Parliamentary history in the United Kingdom stretches back eight centuries, and is being added to day by day as the parliaments and assemblies of England, Scotland, Wales and Northern Ireland meet, debate and legislate. The records of parliamentary proceedings, historical and contemporary, are almost all available in electronic form, but using these resources can be time consuming and cumbersome as every resource is different: in particular, each uses its own approach to metadata, which makes it impossible to browse or search the collections as a whole.

The LIPARM project will link the parliamentary record together for the first time by creating a unified metadata scheme for all of its key elements. People, bills, acts, items of business, debates, divisions and sessions will all be described by the scheme and will be linked together across resources which are currently spread out and isolated. For the first time, it will be possible to trace a given MP’s entire voting record or to find every speech they made. It will be possible to follow the passage of every bill or act, and every contribution to the debates that accompany it. Both the historical and the contemporary record of parliamentary proceedings will become accessible in this way for the first time.

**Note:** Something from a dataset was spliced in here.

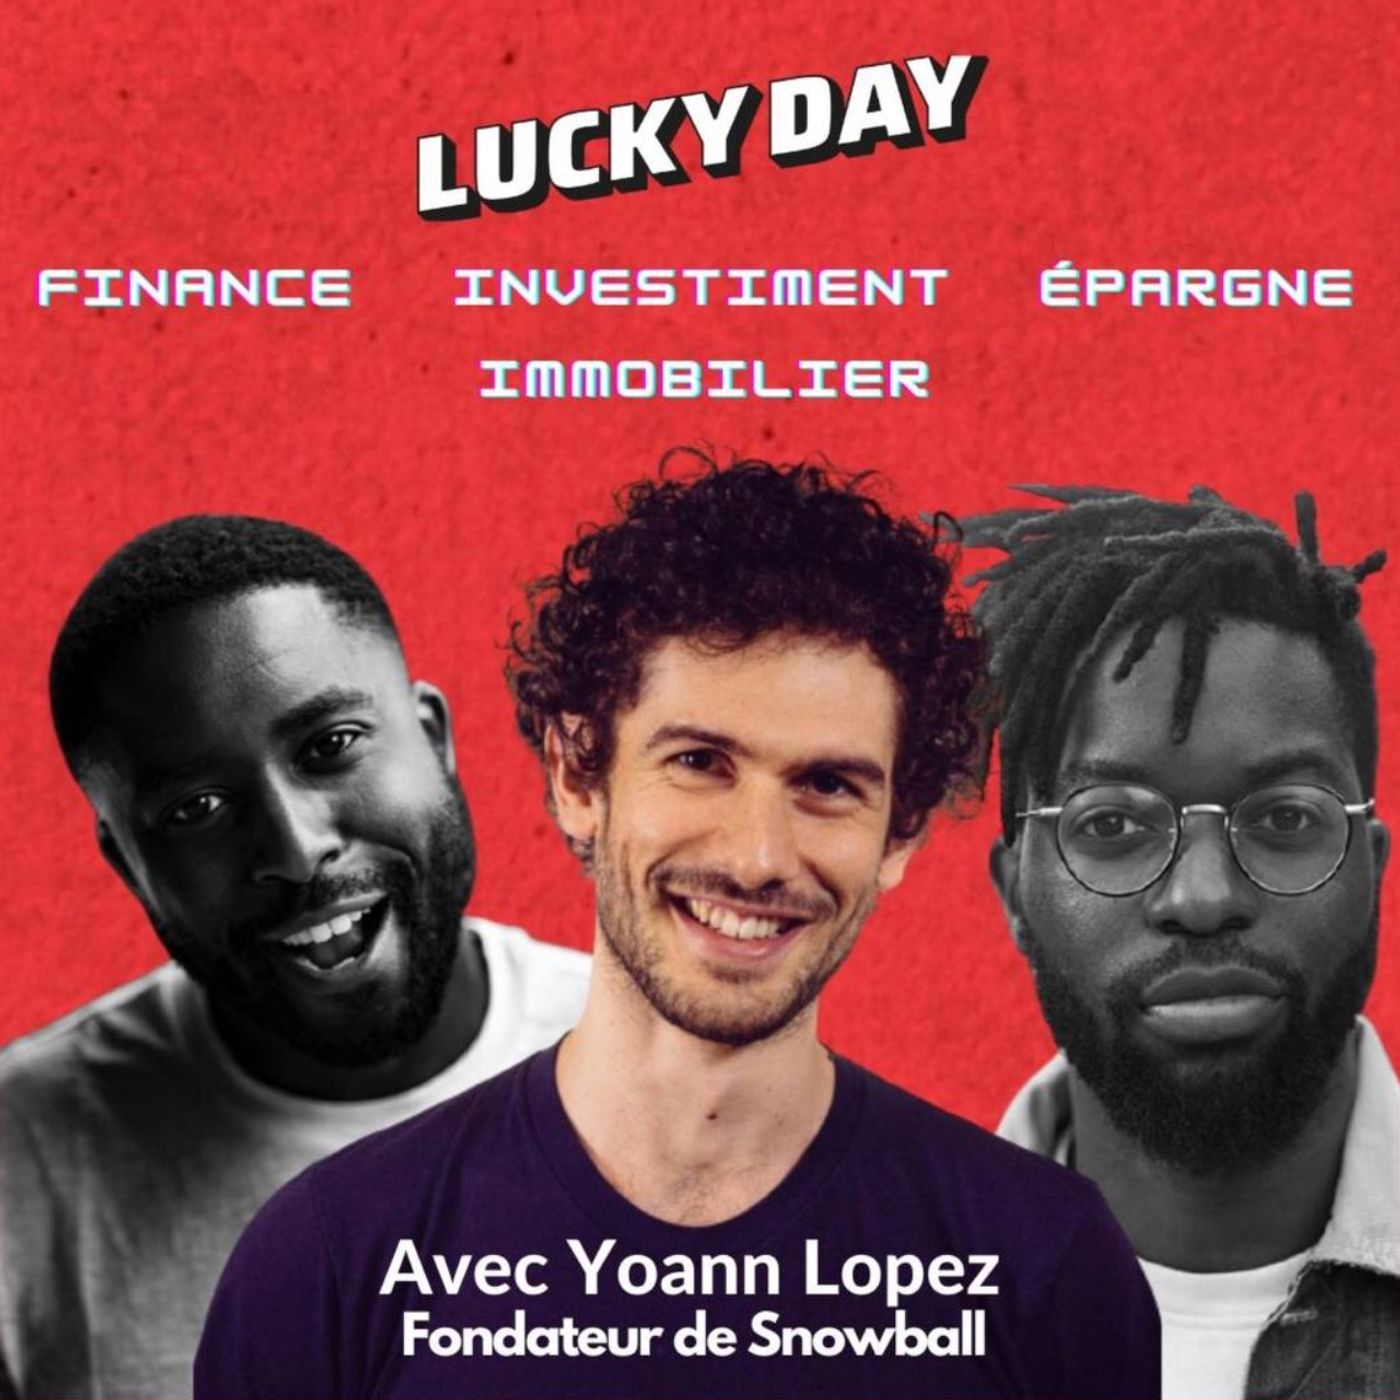 LUCKY YOU EP01: ON PARLE FINANCE AVEC YOANN LOPEZ FONDATEUR DE SNOWBALL

The project will have three main strands. The first will devise the metadata schema itself, which will allow the contents of the parliamentary record to be described in a controlled and systematic way. The second will be the creation of authority lists for key components of the record, including lists for people, sessions, items of legislation and division: each component will receive a unique identifier, allowing it to be linked to from any digitised resource. The third component will be a pilot union catalogue, which will offer metadata records for two important collections, demonstrating how they can be linked together using the unified scheme.